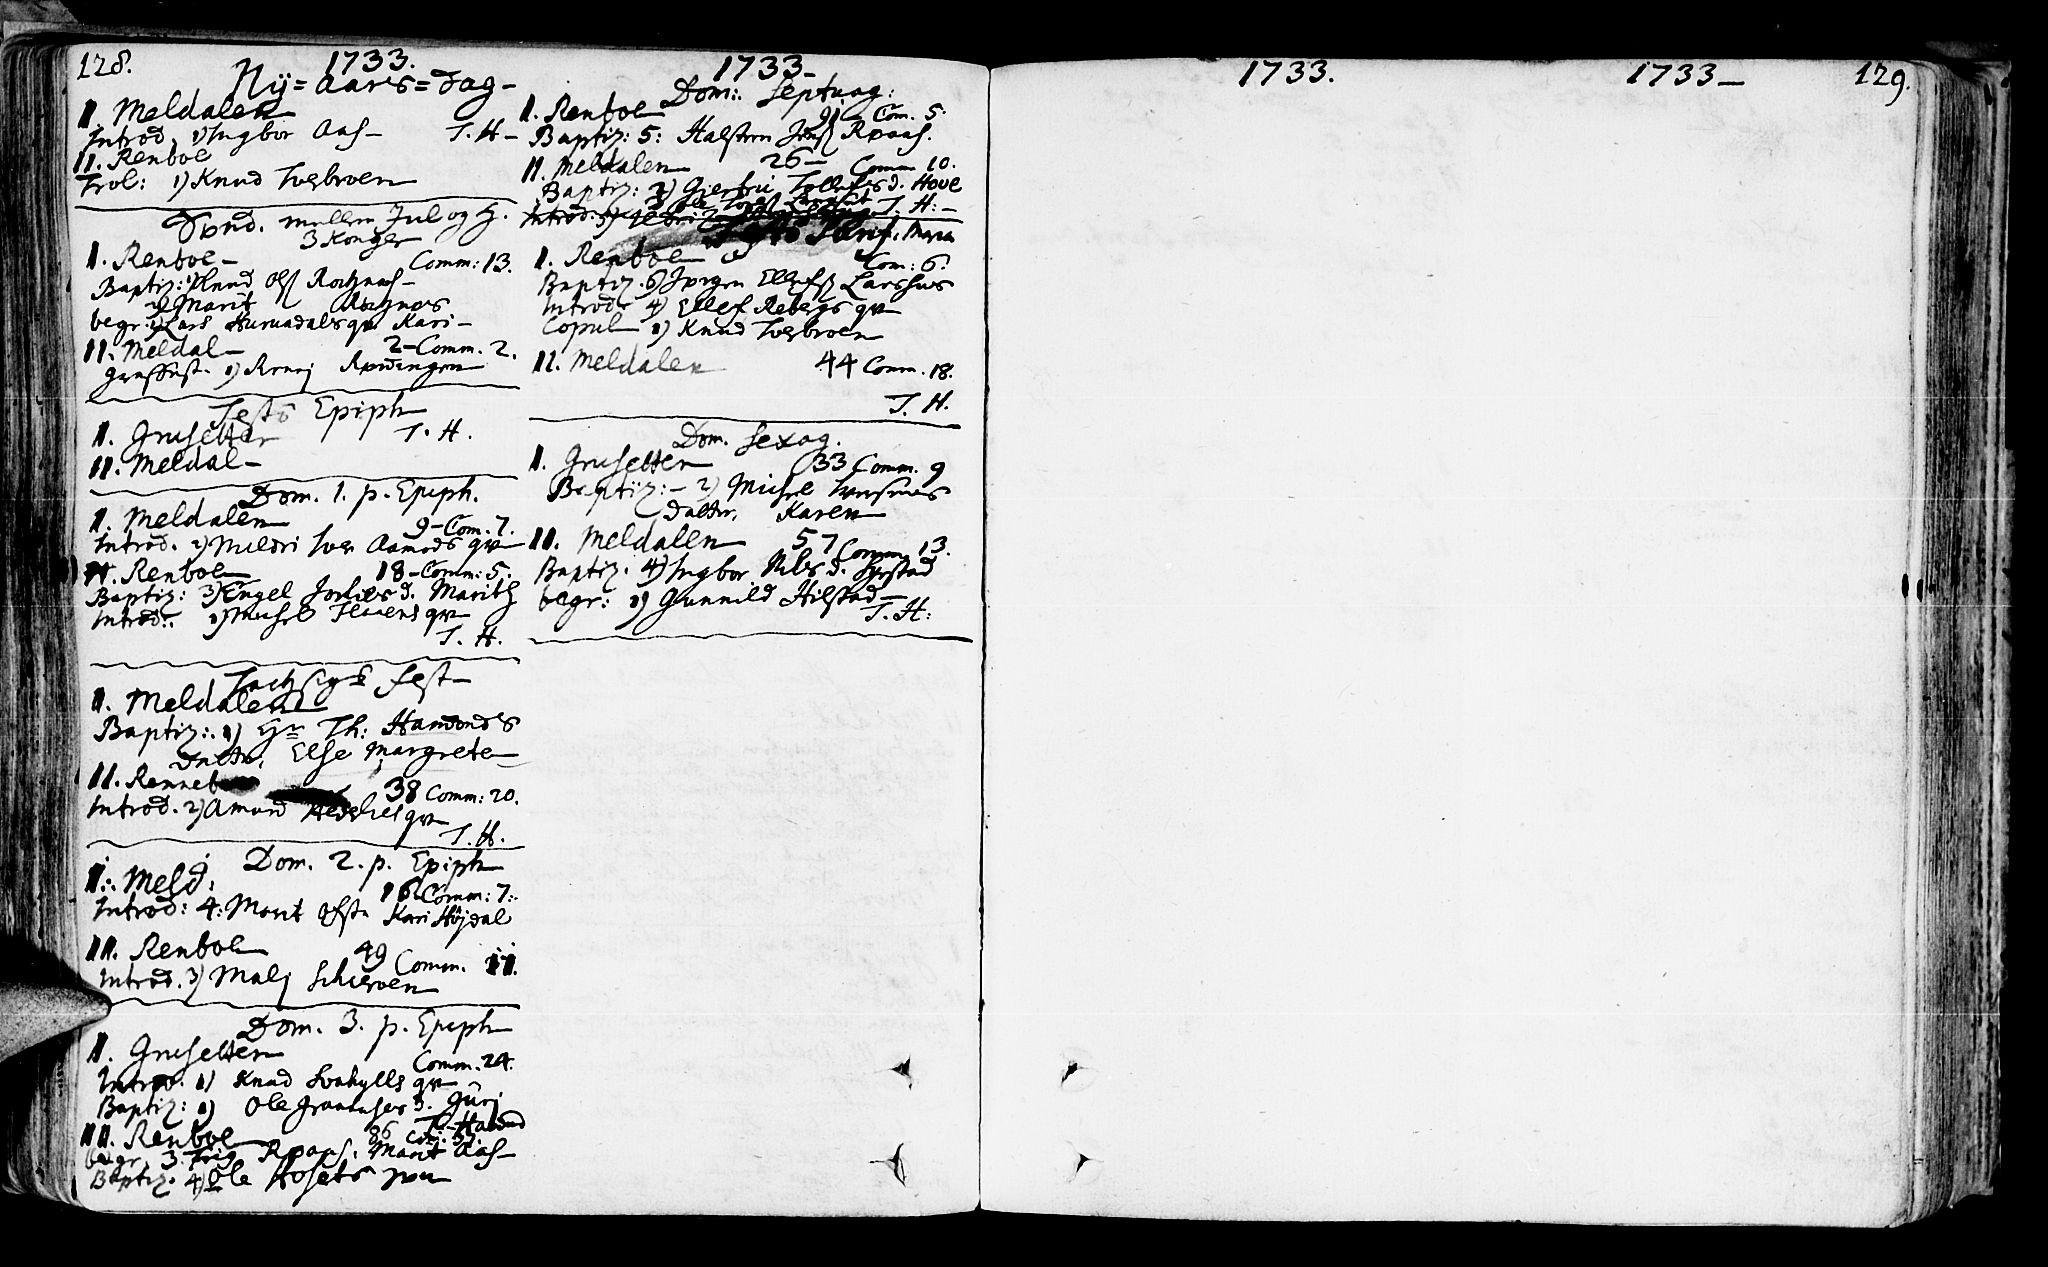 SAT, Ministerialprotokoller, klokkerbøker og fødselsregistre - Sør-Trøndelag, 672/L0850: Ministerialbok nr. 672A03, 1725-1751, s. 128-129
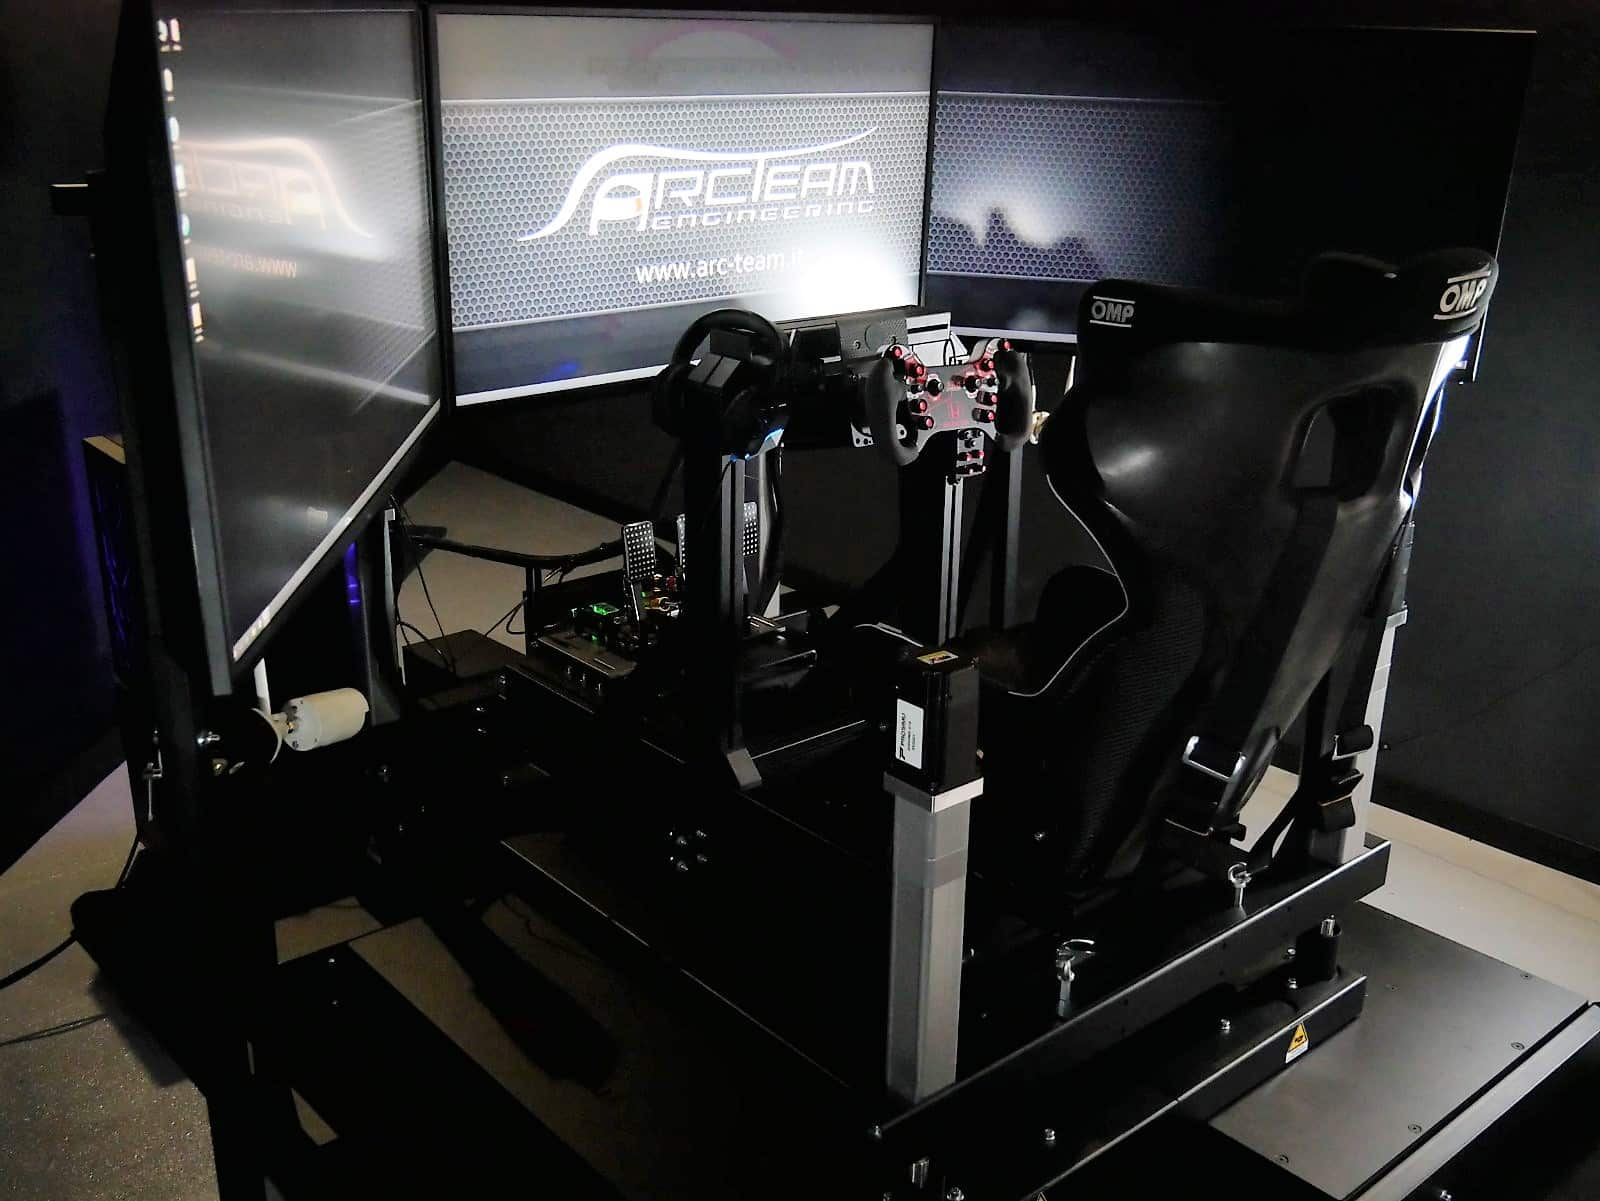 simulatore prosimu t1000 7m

--

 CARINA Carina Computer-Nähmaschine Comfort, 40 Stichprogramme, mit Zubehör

WORK ORDER =>
In the records above, everything from the line with "SAT, Ministerialprotokoller, klokkerbøker" down to the line with "simulatore prosimu t1000 7m" is to be set down exactly, both ends included, with no pictures and no other lines.

EXERCISE RESULT =>
 SAT, Ministerialprotokoller, klokkerbøker og fødselsregistre - Sør-Trøndelag, 672/L0850: Ministerialbok nr. 672A03, 1725-1751, s. 128-129
 simulatore prosimu t1000 7m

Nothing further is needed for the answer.